# Dark Base 700 Custom für besseren Airflow vom Top-Radiator



## Dirty87Harry (16. Februar 2020)

*Dark Base 700 Custom für besseren Airflow vom Top-Radiator*

Habe mir eine Glasplatte anfertigen lassen und oben auf das Gehäuse gesetzt Gummi gelagert Wo Ich den Deckel aufgeschnitten hatte um besser die Abwärme vom Radiator abzuführen.


----------



## Einwegkartoffel (16. Februar 2020)

*AW: Dark Base 700 Custom für besseren Airflow vom Top-Radiator*

Hat es sich denn auch gelohnt?


----------



## Dirty87Harry (16. Februar 2020)

*AW: Dark Base 700 Custom für besseren Airflow vom Top-Radiator*

Ja 5-10 grad im Schnitt Kühler


----------



## xlOrDsNaKex (29. April 2020)

Hammer! Gute Arbeit. Wie hast du das Blech rausgetrennt?


----------



## Dirty87Harry (29. April 2020)

Hallo,

den Deckel ausbauen, mit Tapezierklebeband alles abkleben, die Glasplatte drauf halten die 4 Bohrungen anzeichnen, ausmessen, anzeichnen die 4 Ecken vorbohren dann mit dem Winkelschneider ausschneiden, den Grad mit der Pfeile entfernen und alles Silberne nach lackieren.

5 mm Gummi Unterlegscheiben M5
M5 schrauben ca. 30 mm 
M5 Sicherheits Muttern

die Löcher im Deckel am besten auf M6 aufbohren dann hat etwas Spielraum.

Mit dem Winkelschneider aufpassen das Zieht sich ist weich wie Butter.

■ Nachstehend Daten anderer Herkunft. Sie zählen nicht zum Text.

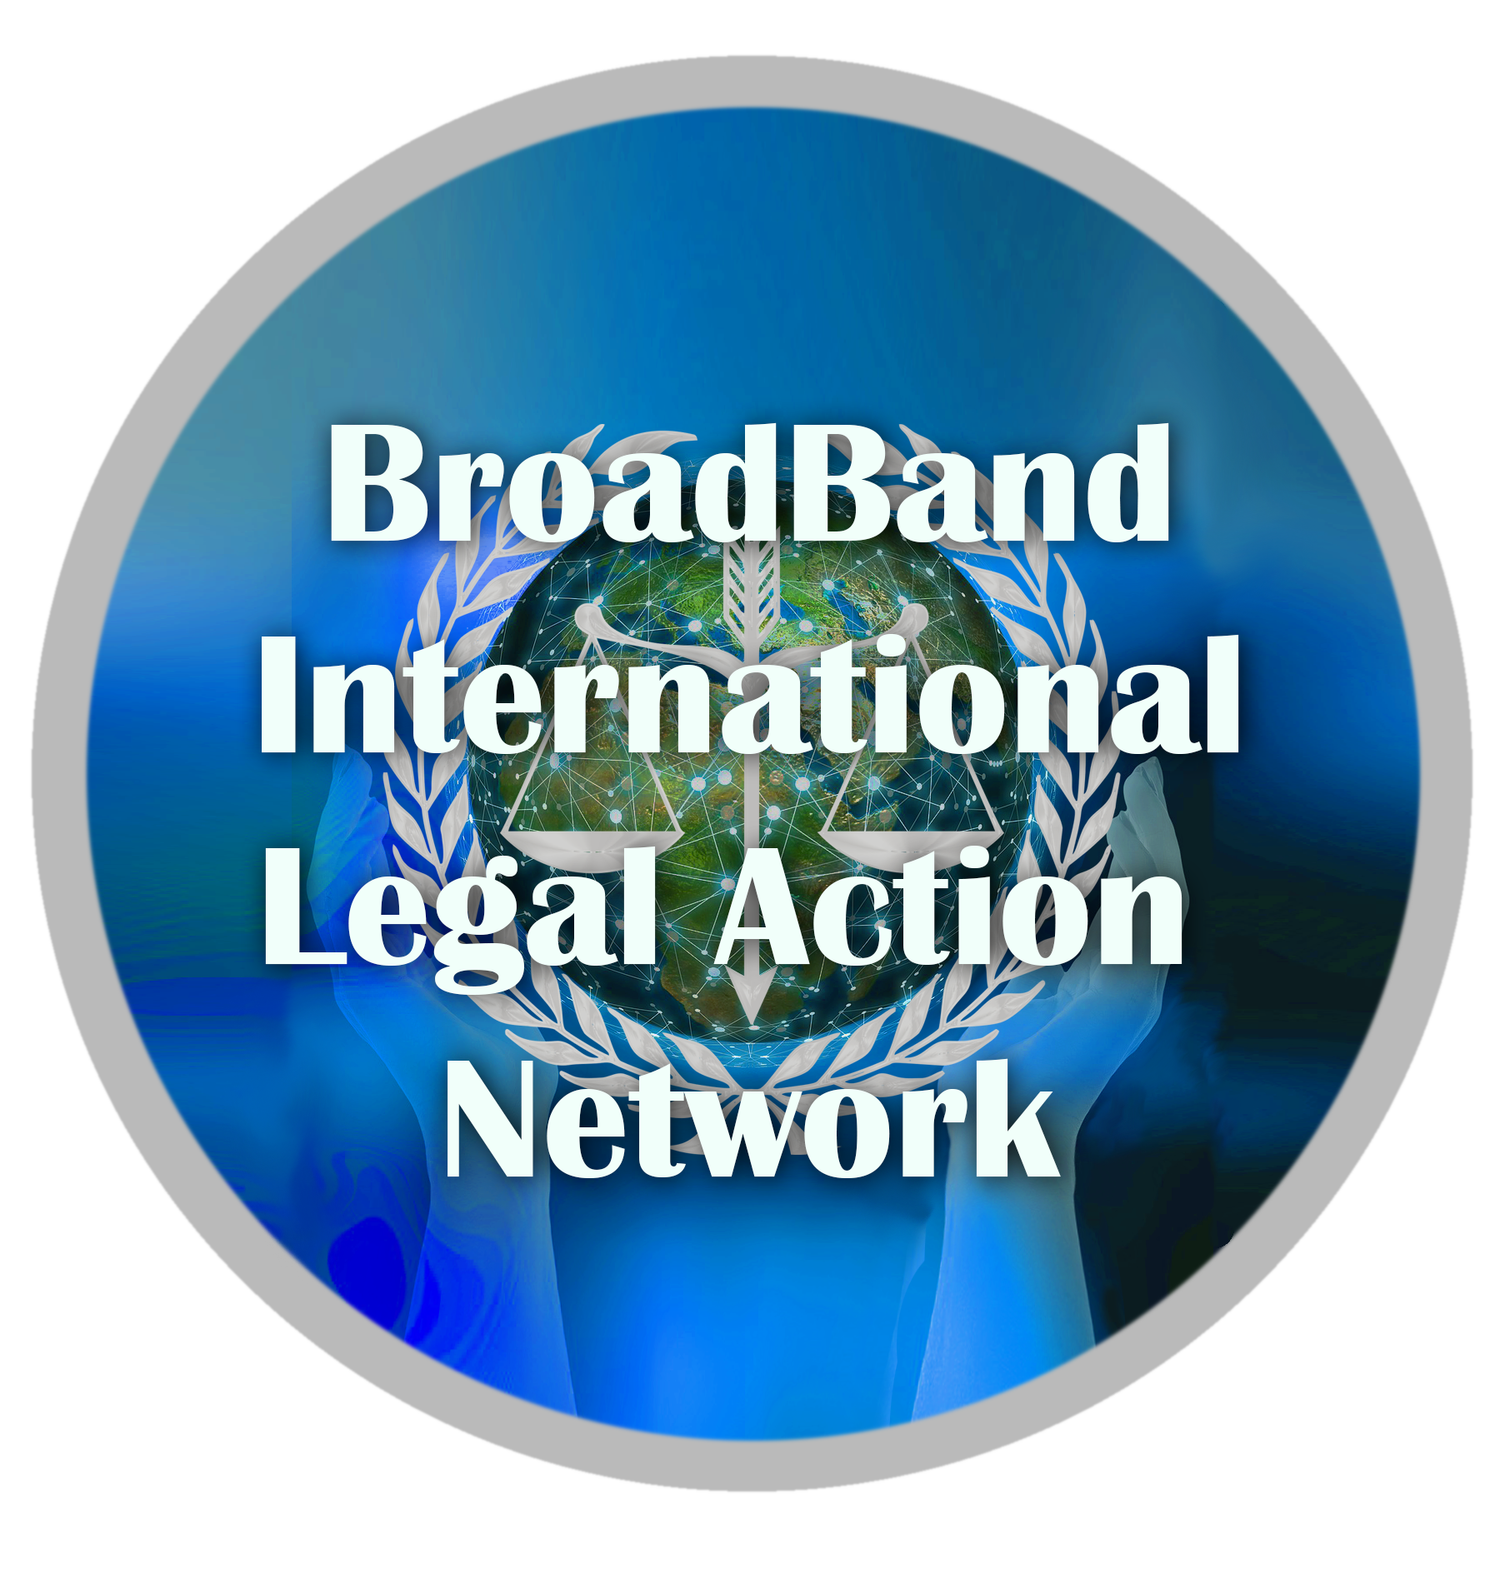 Broadband International Legal Action Network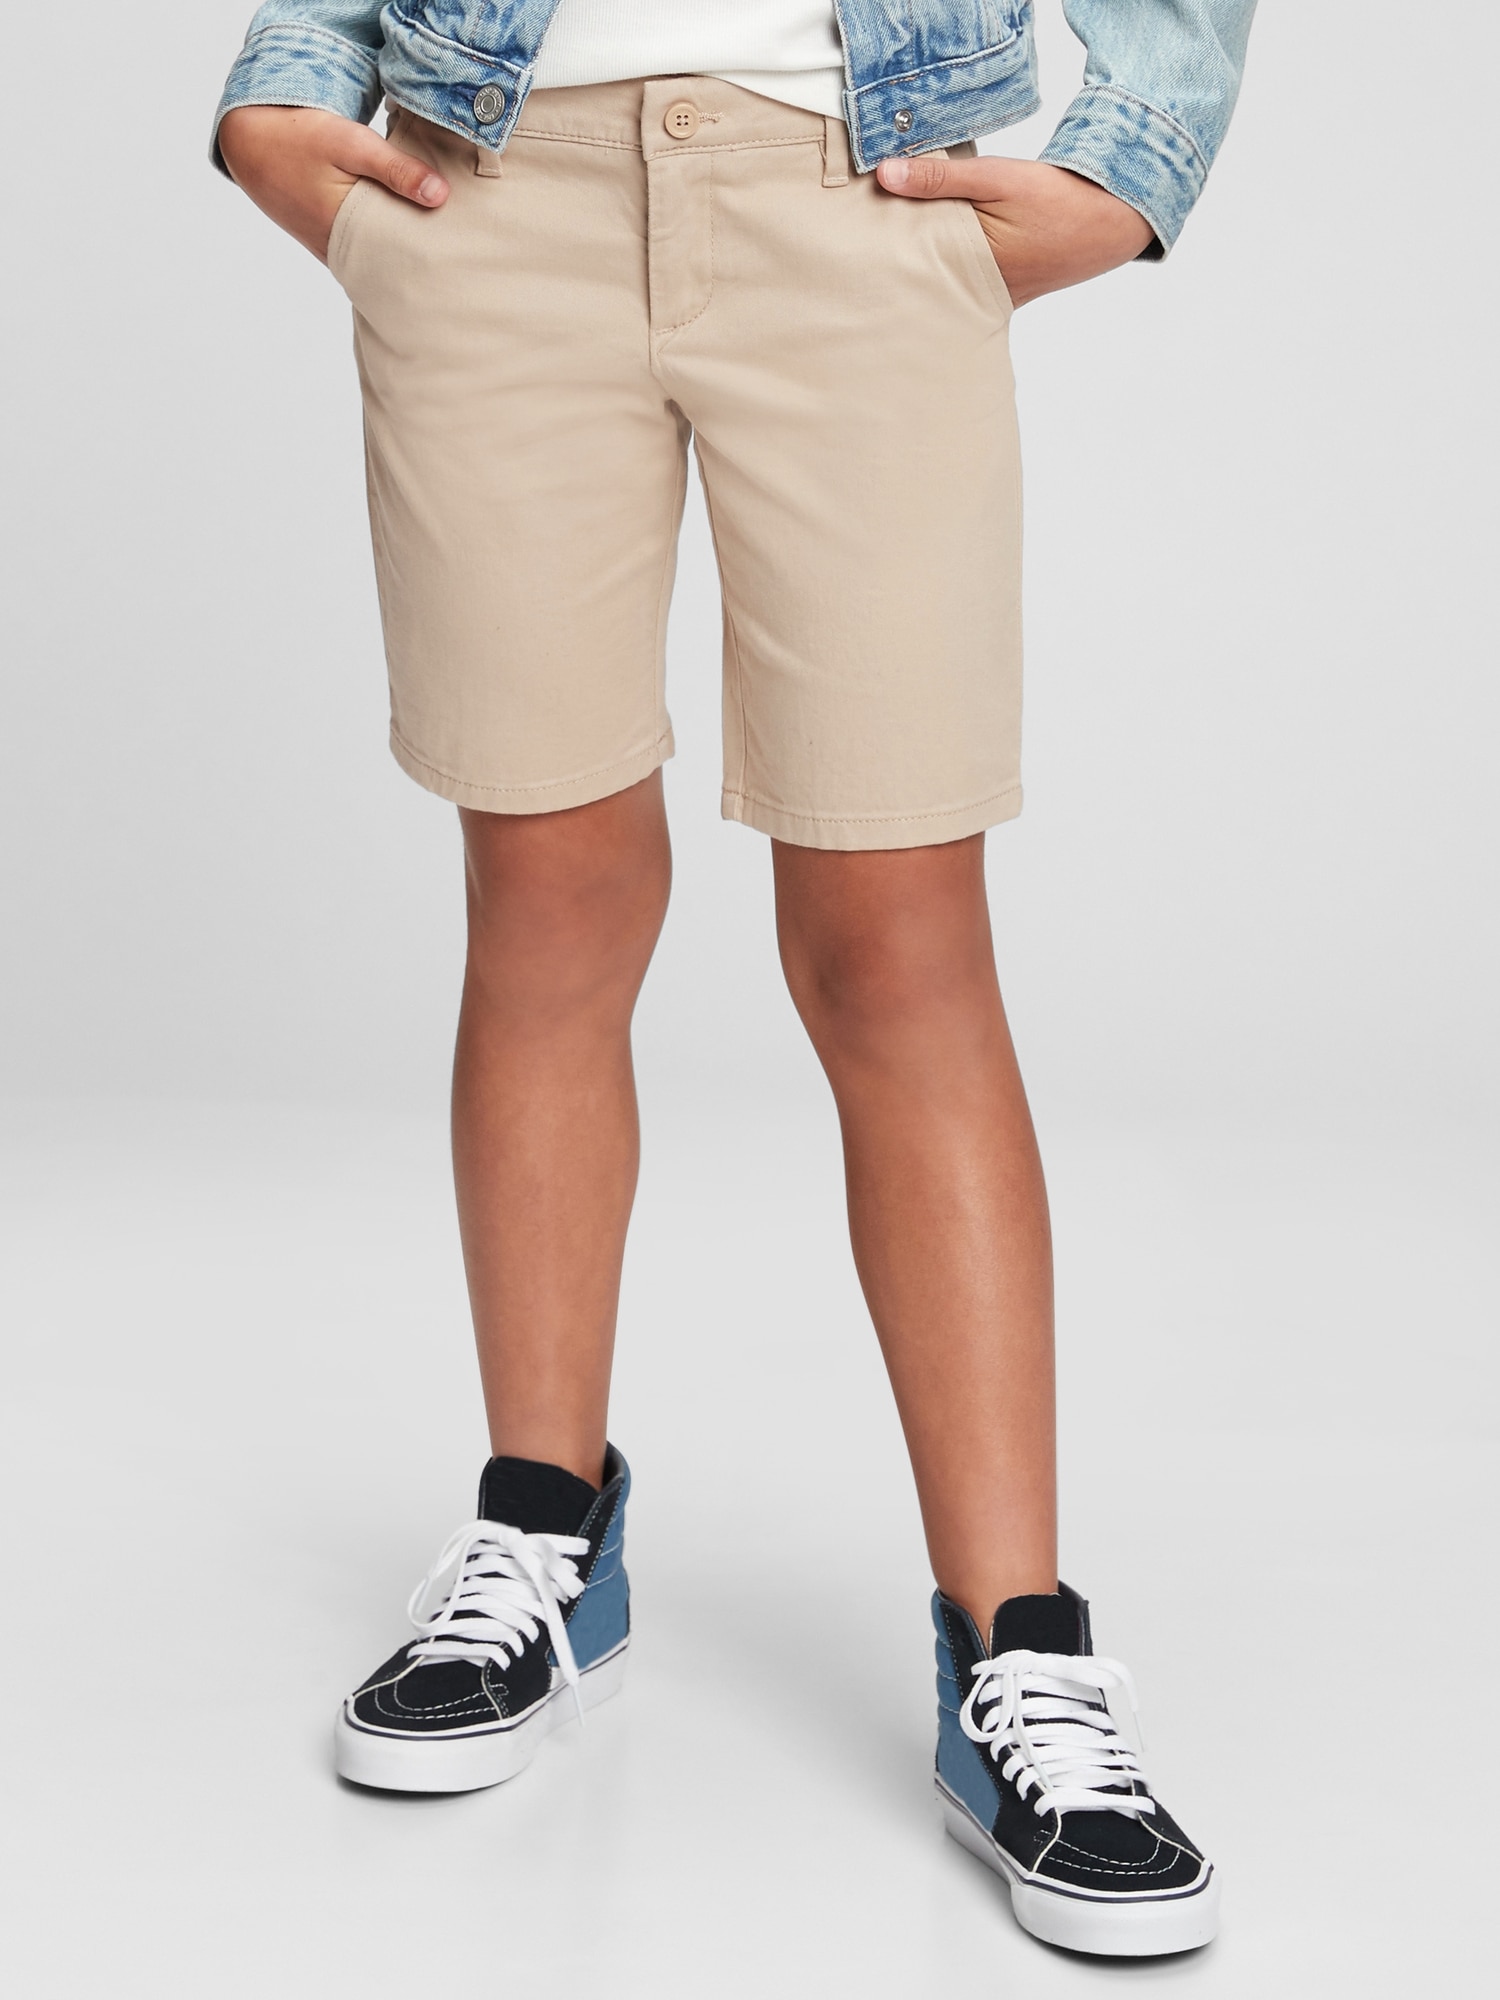 Gap Kids Uniform Bermuda Shorts

Ich hoffe Ich konnte dir behilflich sein.


----------



## Dirty87Harry (4. Januar 2021)

Bessere Kühlung


----------



## Dirty87Harry (6. Juni 2022)

Man könnte sogar noch einen zweiten 140er unten  montieren Leider sind die Anschlüsse vom Mainboard im weg  ca. 1 cm müsste die Lüfter montage richtung Scheibe Wandern


----------